A project that started with the question, “how many microbial genes are there in the world?” has grown to potentially lead to answers to this and broader questions about the microbial universe. First, known taxa (E. coli) were organized into matrices, with strains as rows, and proteins as columns. Hamming distances define a metric for organizing strains into phylogenetic trees. The phylogenetic distance is the importance of the split between the strains, or the alpha score, as refered to in d-splits literature. This approach became our main focus when we attempted the same heuristic with viral data, with surprisingly strong results. At present, we are taking “pie slices” of the phage proteonomic tree, and seeing to what extent we can recreate that observed internal structure, as a “proof of concept” for viral applicability. Reading and work on splitstrees, d-splits, and consecutive ones property, will drive the next developments.
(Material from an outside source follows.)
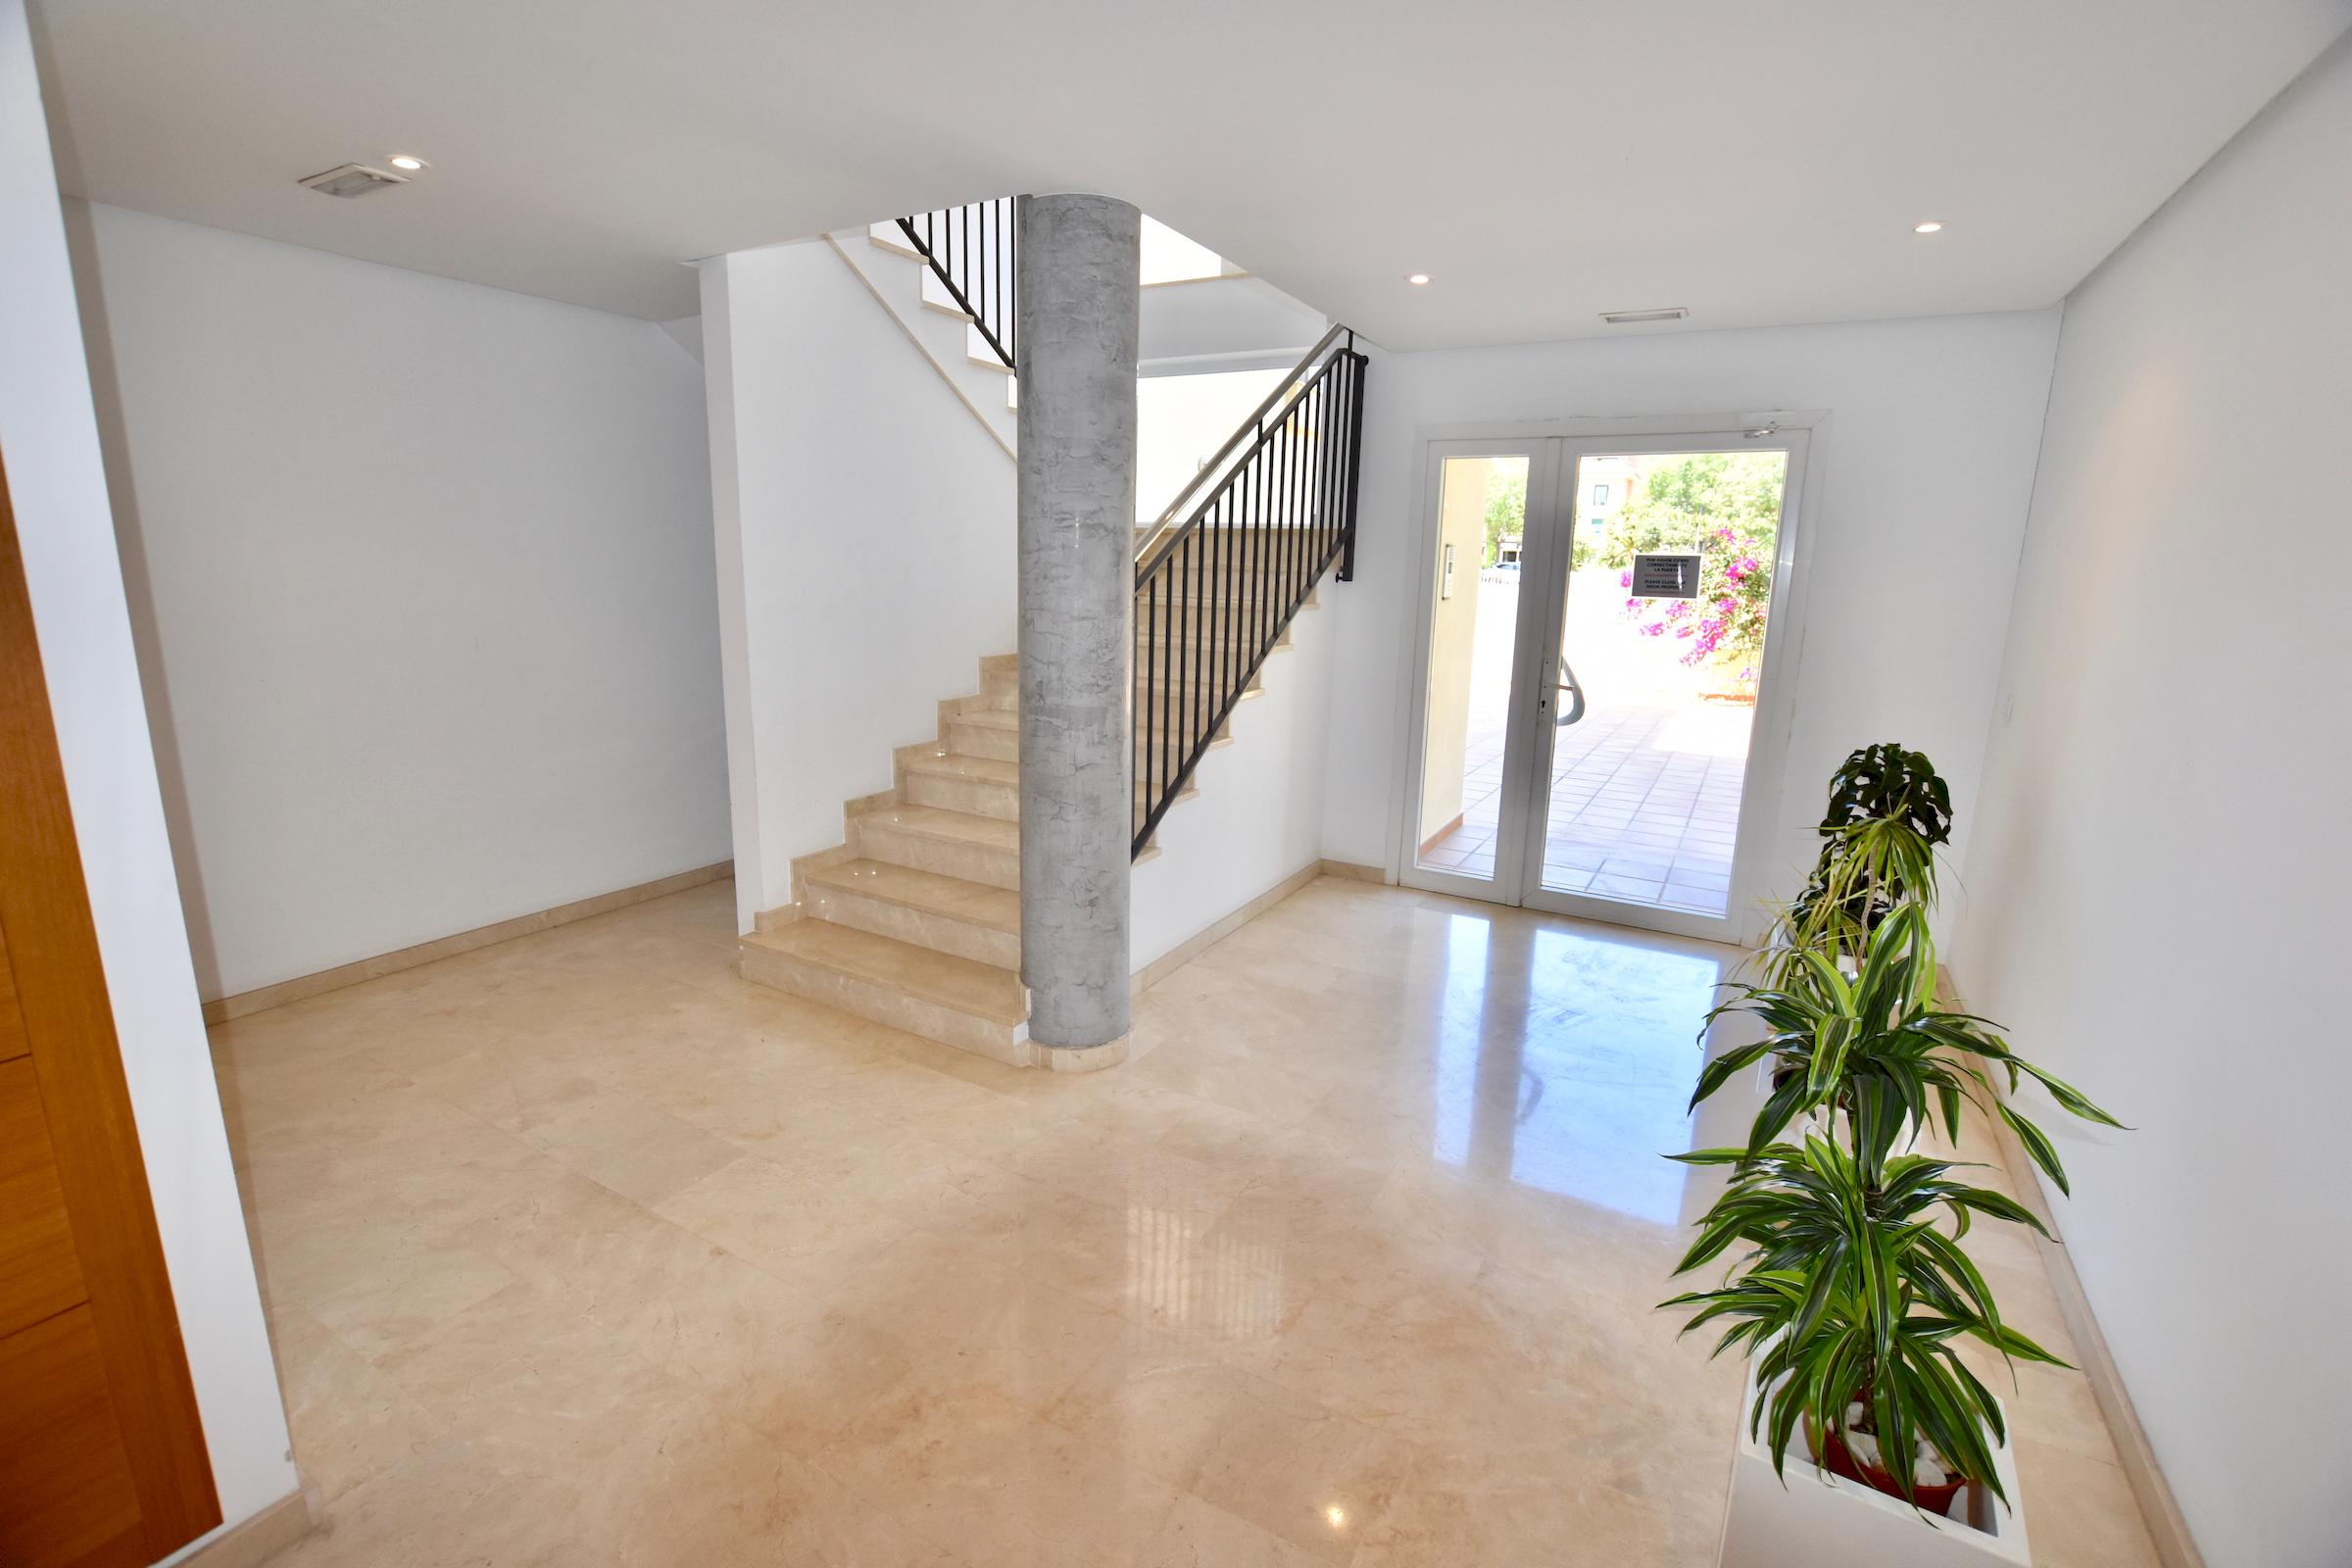 LIGHT AND SPACIOUS APARTMENT FOR EXCELLENT REST IN JAVEA, ALICANTE, COSTA BLANCA

In addition, this coming week, on August 18th, our group will be attending a lecture on whole genome taxonomy, which should help drive further progress on our project.

 

PHACTS: Phage Classification Tool Set

There are two distinct phage lifestyles: lytic and lysogenic. The lysogenic lifestyle has many implications for phage therapy, genomics, and microbiology, however it is often very difficult to determine whether a newly sequenced phage isolate grows lytically or lysogenically just from the genome. Using the ~200 known phage genomes, a supervised random forest classifier was built to determine which proteins of phage are important for determining lytic and lysogenic traits. A similarity vector is created for each phage by comparing each protein from a random sampling of all known phage proteins to each phage genome. Each value in the similarity vector represents the protein with the highest similarity score for that phage genome. This vector is used to train a random forest to classify phage according to their lifestyle. To test the classifier each phage is removed from the data set one at a time and treated as a single unknown. The classifier was able to successfully group 188 of the 196 phages for whom the lifestyle is known, giving my algorithm an estimated 4% error rate. The classifier also identifies the most important genes for determining lifestyle; in addition to integrases, expected to be important, the composition of the phage (capsid and tail) also determines the lifestyle. A large number of hypothetical proteins are also involved in determining whether a phage is lytic or lysogenic.

 

PhAnToMe

The lab’s spearhead PhAnToMe project is funded by the National Science Foundation to understand viral life. We are researching the genomics of viruses that infect bacteria — phages — with Dr. Mya Breitbart (Univ. Southern Florida), Dr. Matt Sullivan (U. Arizona), and Dr. Jeff Elhai (Virginia Commonwealth University). These viruses are the most abundant biological entities on the planet, and are responsible for many of the evolutionary changes that bacteria undergo. Phages carry virulence genes that allow bacteria to cause disease, they carry photosynthetic genes that allow bacteria to grow in the oceans, and  they carry many genes that we don’t even know what they do. Our project will unearth the role of some of those genes and proteins, and help biologists get to grips with the most diverse parts of microbiology — the phages. At the PhAnToMe website you can browse complete genomes, and download phage genomes and associated data.